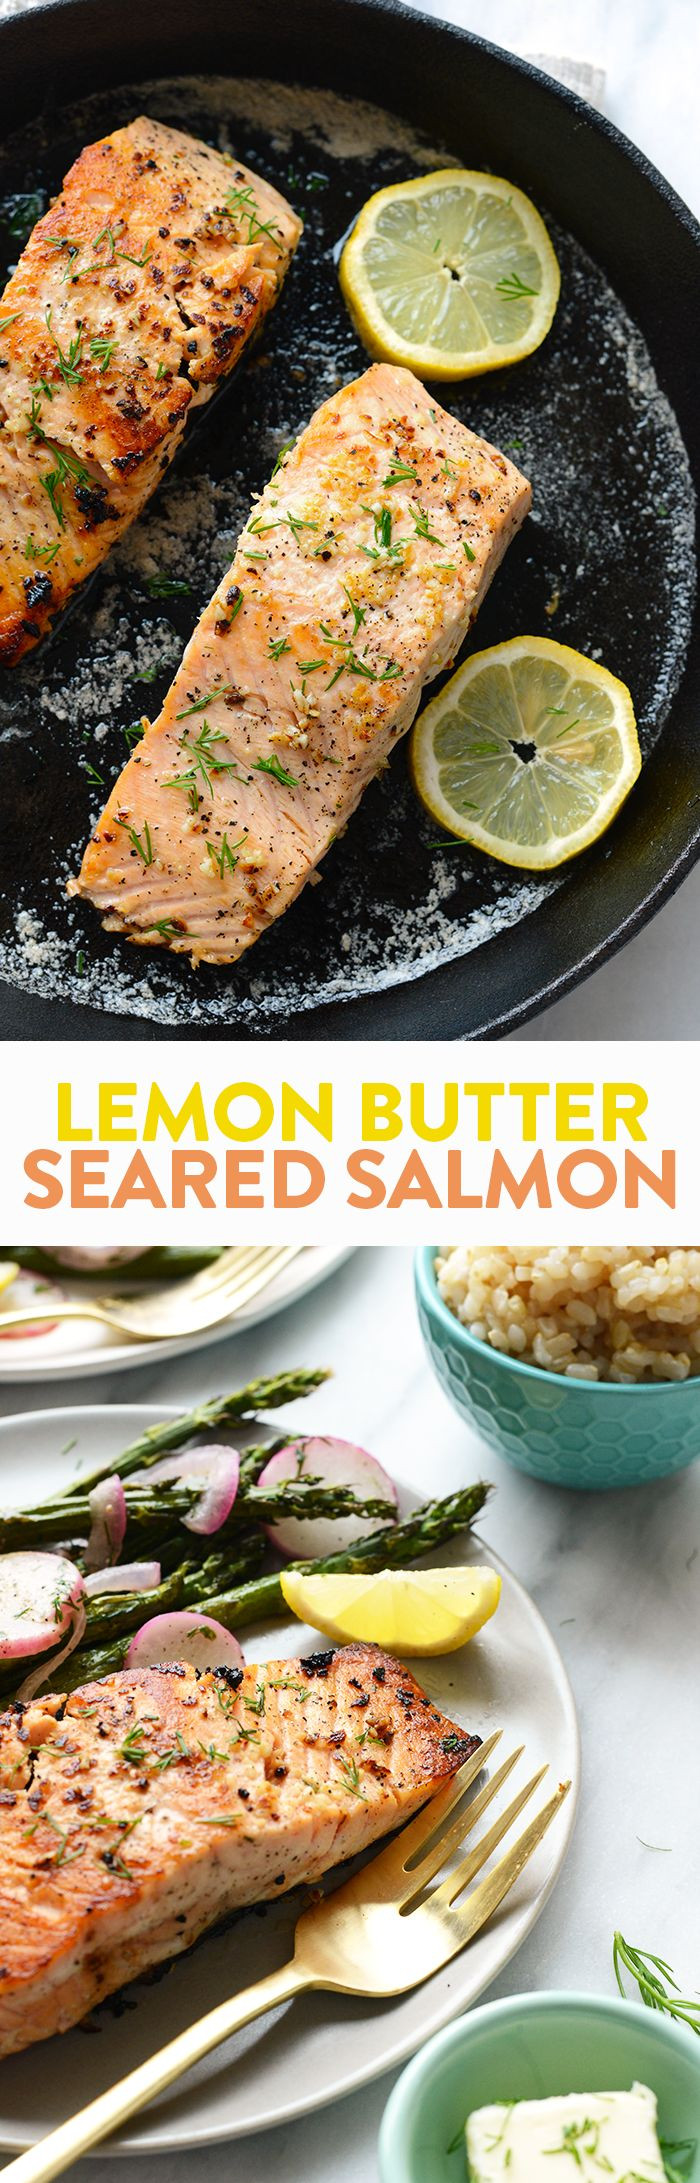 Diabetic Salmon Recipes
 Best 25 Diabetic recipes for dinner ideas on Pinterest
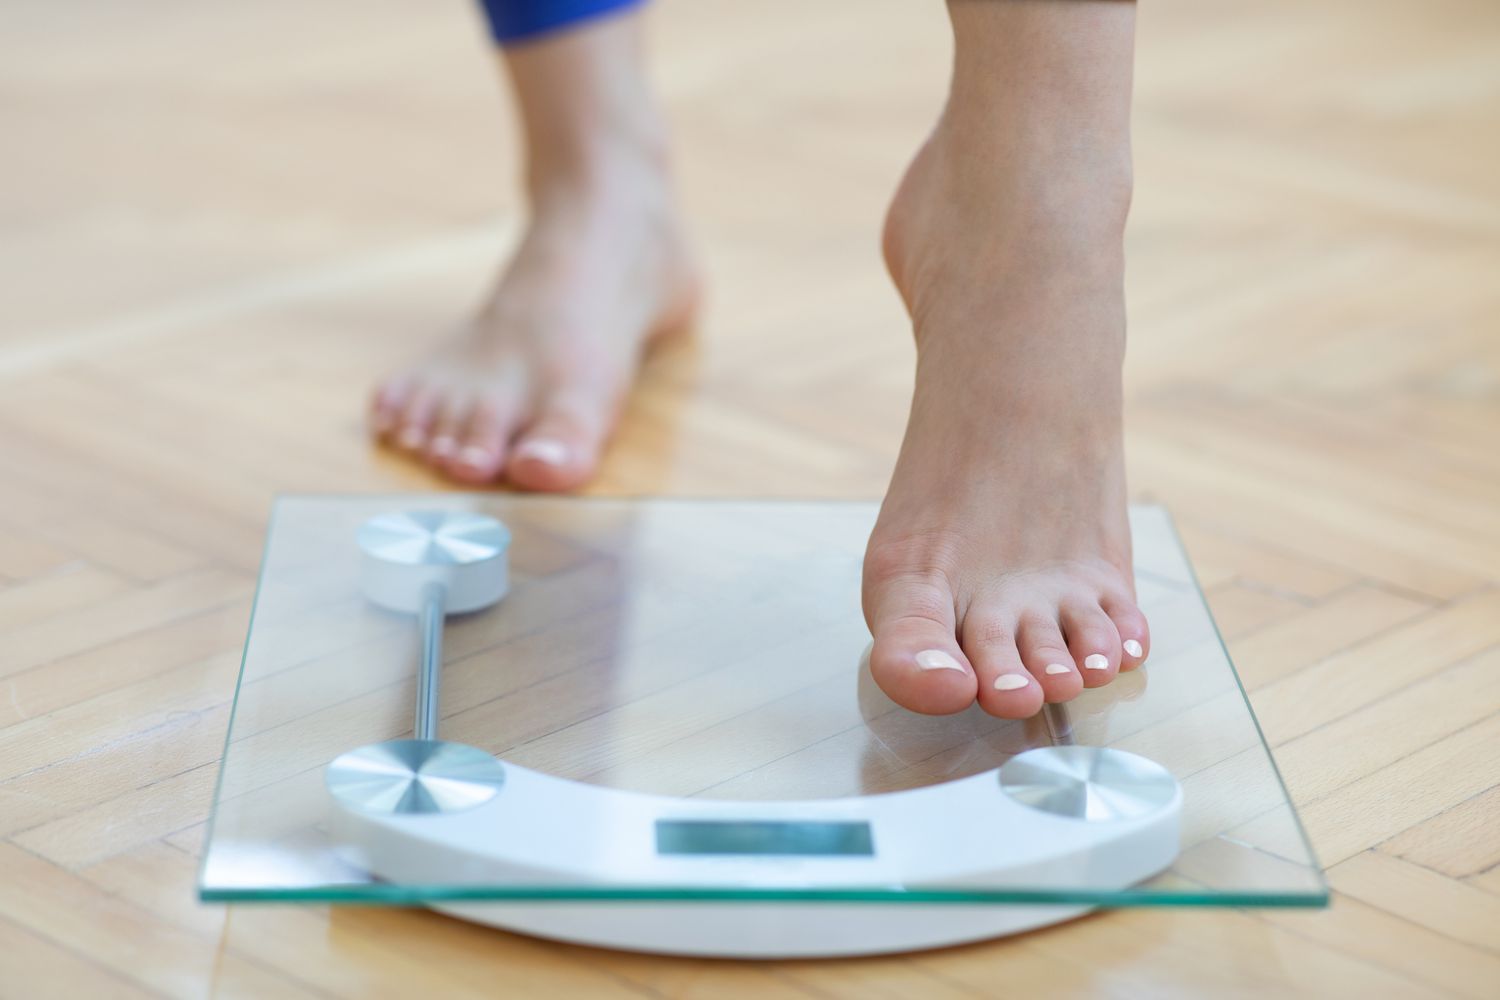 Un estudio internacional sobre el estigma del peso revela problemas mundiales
...
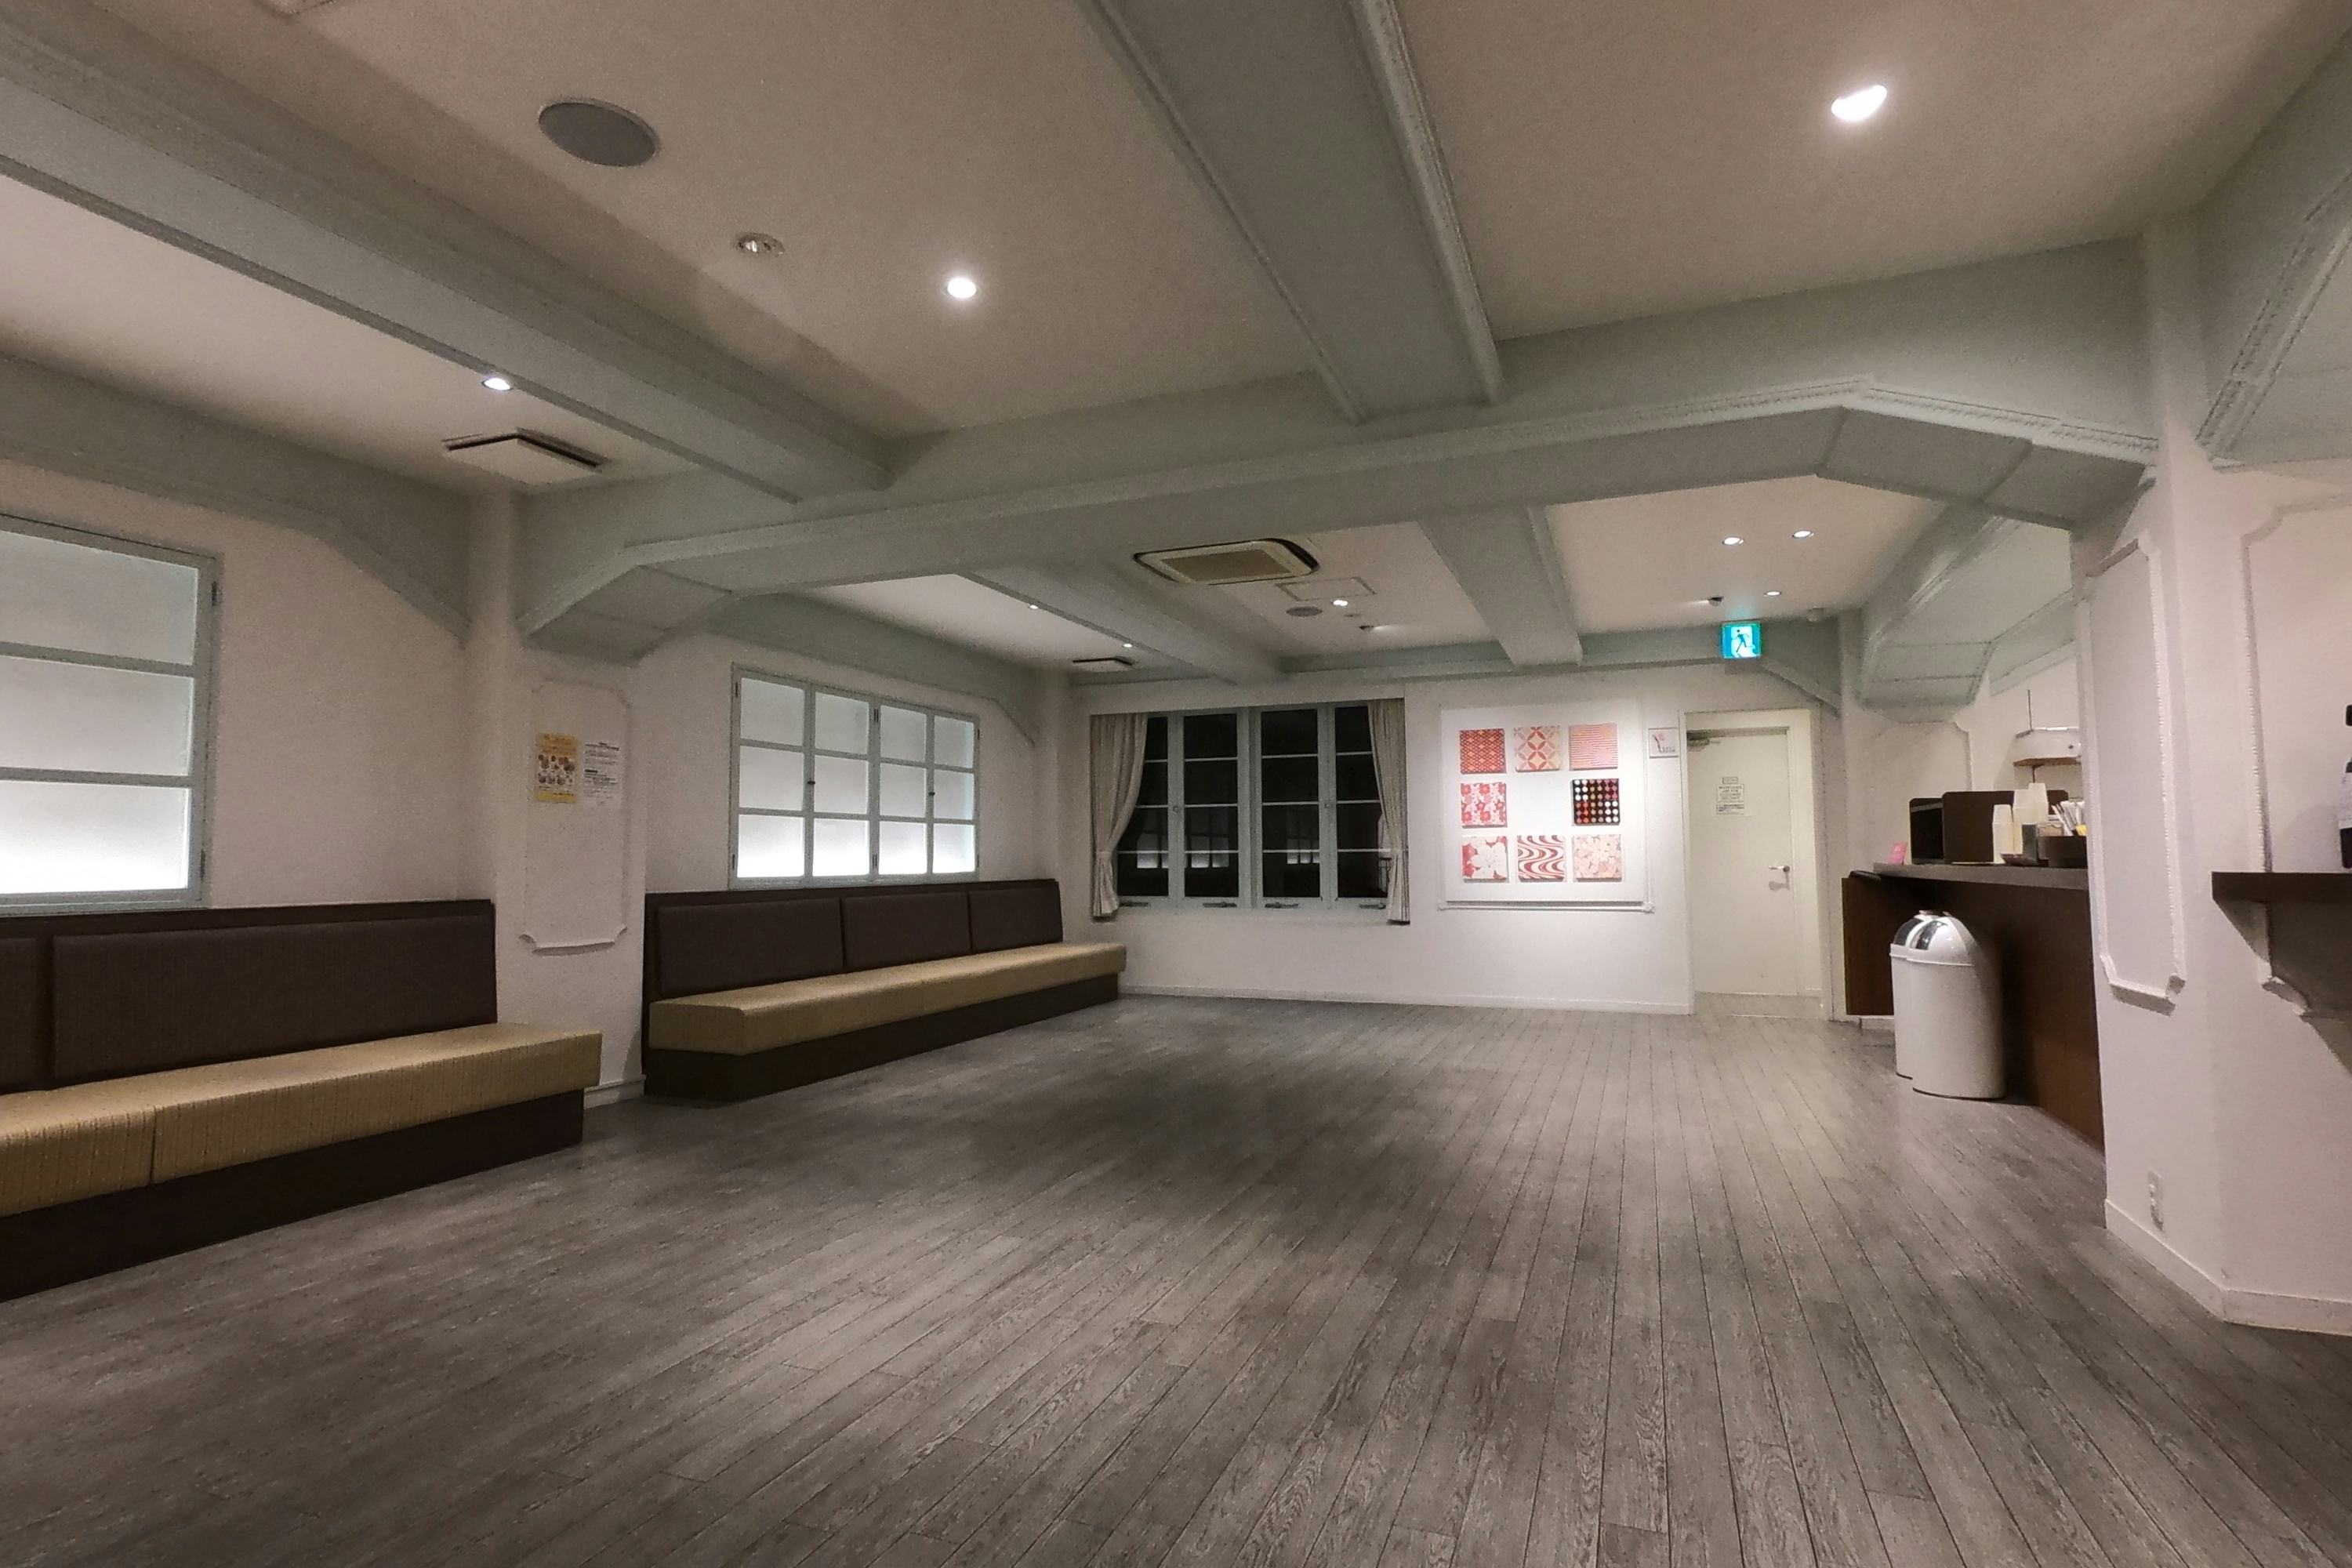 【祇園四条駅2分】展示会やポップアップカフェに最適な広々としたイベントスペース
--
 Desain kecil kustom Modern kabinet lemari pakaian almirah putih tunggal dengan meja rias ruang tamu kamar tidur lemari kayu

→ Exercise directions:
From the listing above, restate verbatim the lines running from the one with "Diabetic Salmon Recipes" through the one with "Un estudio internacional", inclusive, but not the pictures.

→ Written response:
 Diabetic Salmon Recipes
 Best 25 Diabetic recipes for dinner ideas on Pinterest
 Un estudio internacional sobre el estigma del peso revela problemas mundiales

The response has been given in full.